Explore Java’s Unicode system, which allows developers to work with an extensive range of characters and symbols across multiple languages. Learn how Unicode enhances Java's platform independence, enabling internationalization and localization in applications.



Java - Unicode System

Unicode is an international character set that encompasses a vast range of characters, symbols, and scripts from many languages across the globe.

Unicode System in Java

The Java programming language, known for its platform independence, provides built-in support for Unicode characters. This allows developers to create applications that seamlessly work with various languages and scripts.
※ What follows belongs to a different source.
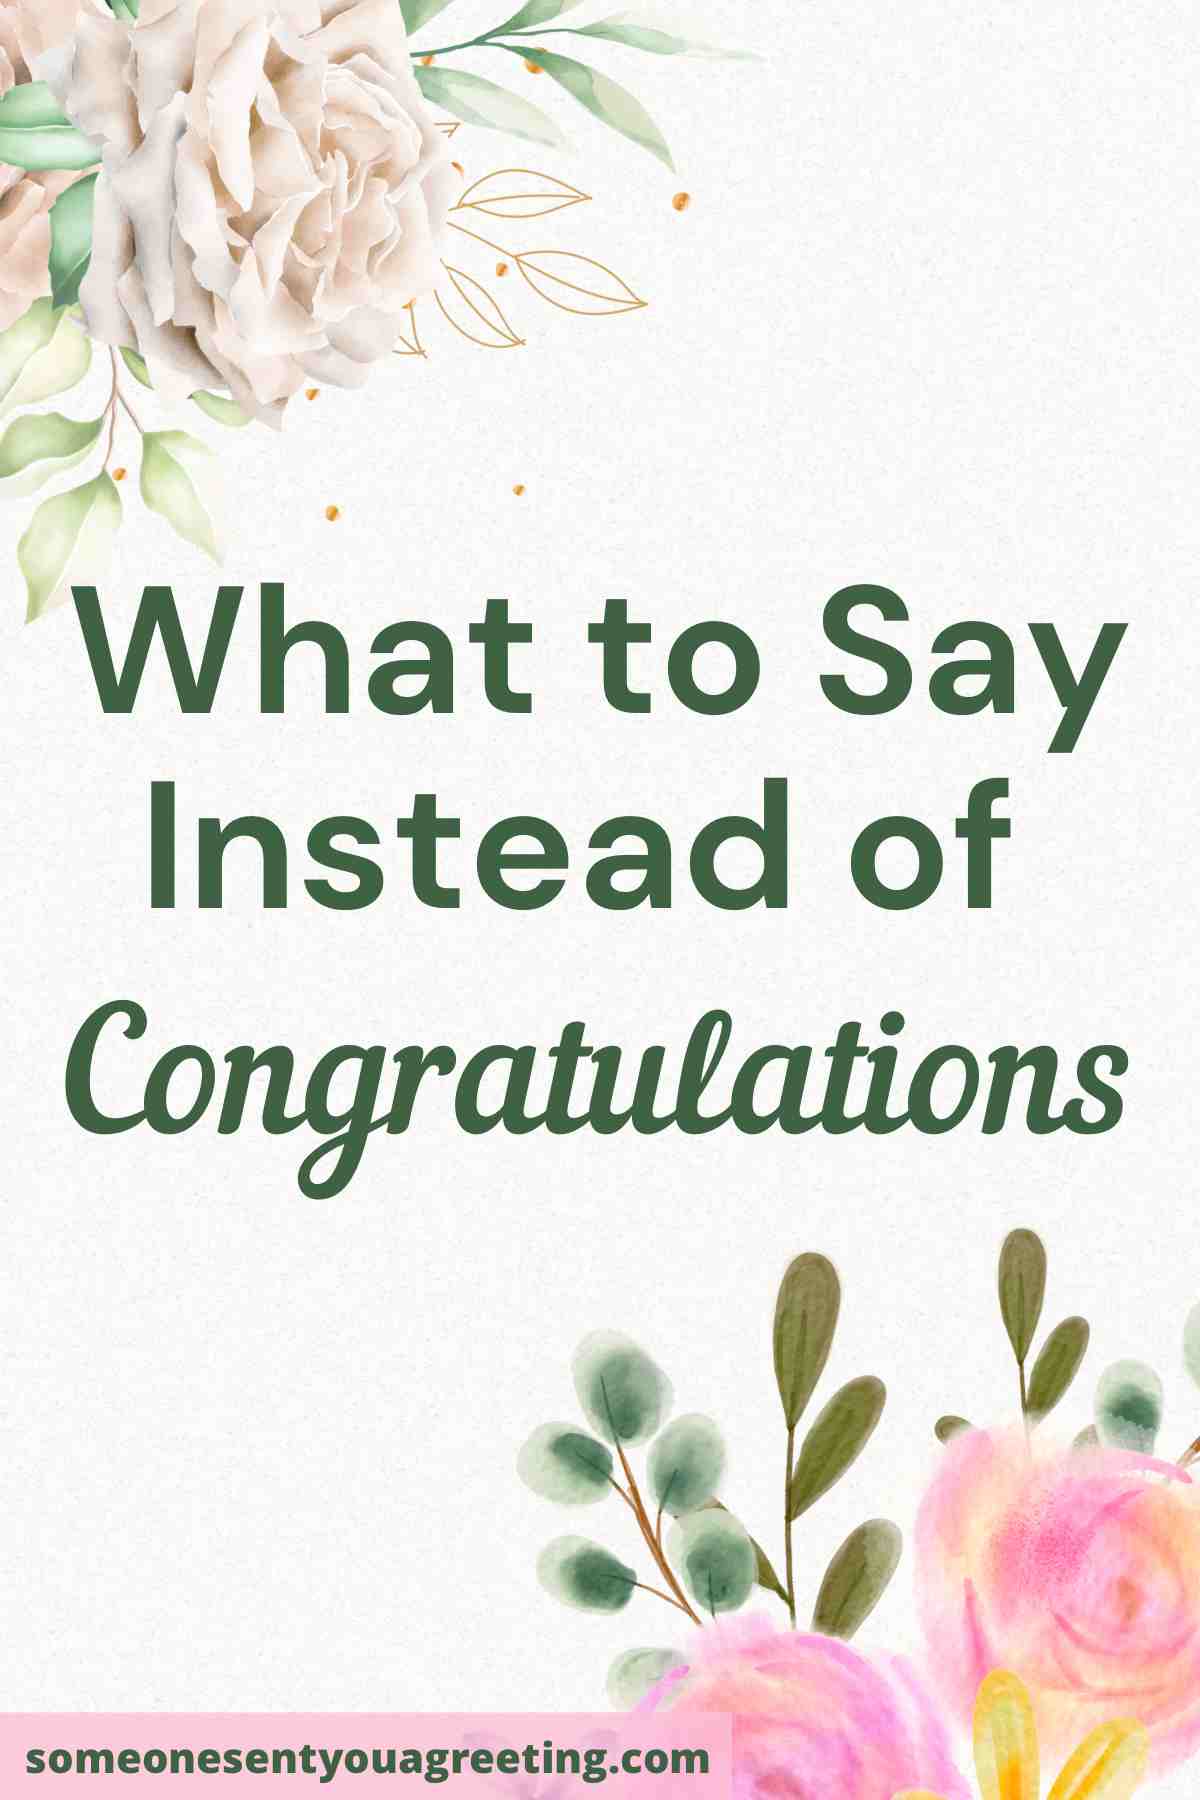 What to say instead of congratulations

Before Unicode was introduced, multiple standards existed for character encoding:

  • ASCII – used in the United States
  • ISO 8859-1 – for Western European languages
  • KOI-8 – for Russian
  • GB18030 and BIG-5 – for Chinese

To support multinational application codes, some characters utilized a single byte while others used two bytes. Consequently, the same code could represent different characters in various languages. To address this issue, the Unicode system was developed, where each character is represented by 2 bytes. Java adopted the Unicode system as it was designed for multilingual support, with the lowest value represented by \u0000 and the highest value represented by \uFFFF.

Approaches: Working with Unicode Characters & Values

There are two primary approaches for working with Unicode characters in Java:

  1. Using Unicode Escape Sequences
  2. Directly Storing Unicode Characters

The first approach involves representing Unicode characters using escape sequences, which is beneficial when characters cannot be directly typed or displayed in Java code. The second approach allows for the direct storage of Unicode characters in variables, which is more convenient when these characters can be directly typed or displayed. The choice between these approaches depends on the program's specific requirements.
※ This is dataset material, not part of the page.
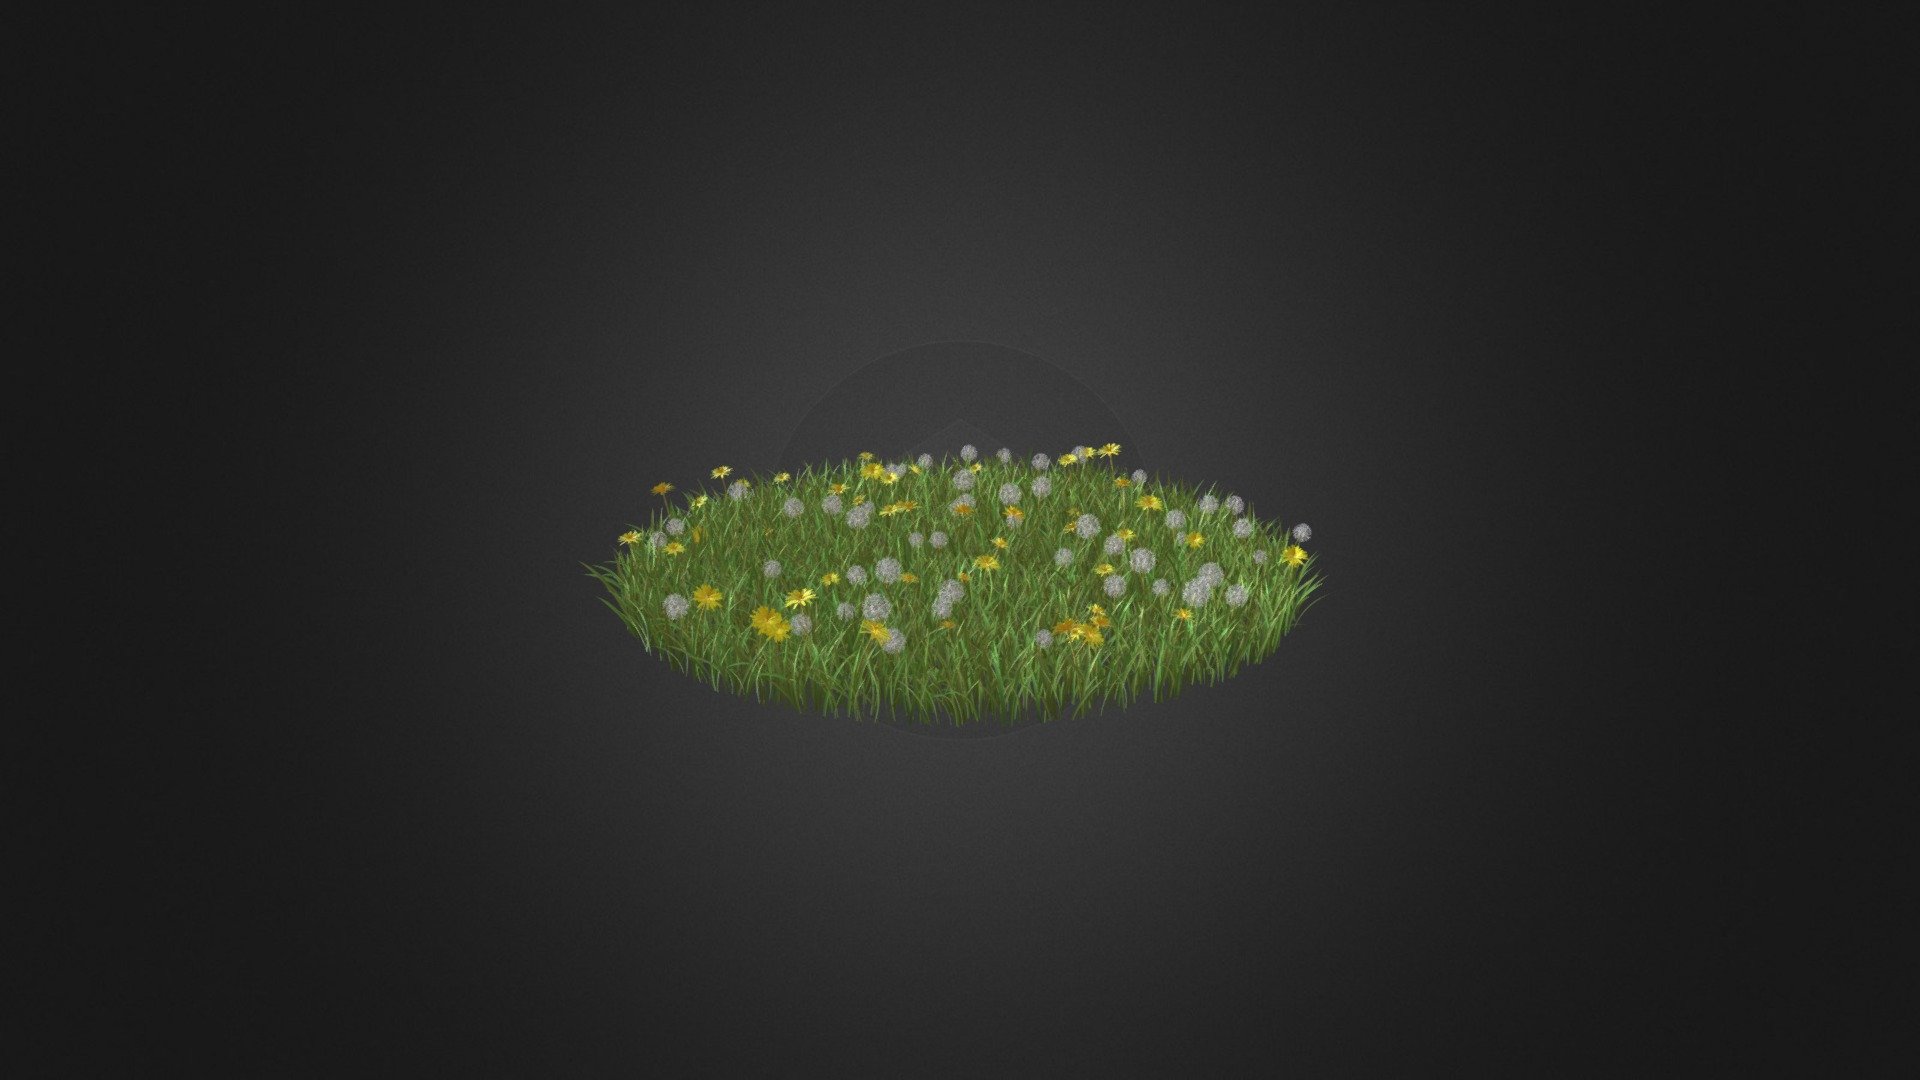 Round grass with some sow-thistle (Sonchus) flowers 3d model. Diameter:160cm. Compatible with 3ds max 2010 or higher, Cinema 4D and many more 3d model

1. Using Unicode Escape Sequences

One way to store Unicode characters in Java is through Unicode escape sequences. An escape sequence is a series of characters representing a special character. In Java, a Unicode escape sequence starts with '\u' followed by four hexadecimal digits that represent the Unicode code point of the desired character.

Example: Use of Unicode Escape Sequences

Syntax

package com.tutorialsarena;

public class UnicodeCharacterDemo {
public static void main(String[] args) {
    // Unicode escape sequence
    char unicodeChar = '\u0041'; // Unicode for 'A'
    System.out.println("Stored Unicode Character: " + unicodeChar);
}
}
    
Output

Stored Unicode Character: A
    

In the code snippet above, the Unicode escape sequence '\u0041' represents the character 'A.' The escape sequence is assigned to the variable unicodeChar, and the stored character is printed to the console.

2. Storing Unicode Values Directly

Alternatively, you can directly store a Unicode character in a char variable by enclosing the character in single quotes. However, this method may not be suitable for characters that cannot be directly typed using a keyboard or are not visible, such as control characters.

Example 1: Assigning Unicode Character to Variable

Syntax

package com.tutorialsarena;

public class UnicodeCharacterDemo {
public static void main(String[] args) {
    // Storing Unicode character directly
    char unicodeChar = 'A'; // Directly storing the character 'A'
    System.out.println("Stored Unicode Character: " + unicodeChar);
}
}
    
Output

Stored Unicode Character: A
    

In this example, the character 'A' is directly enclosed in single quotes and assigned to the variable unicodeChar. The stored character is printed to the console.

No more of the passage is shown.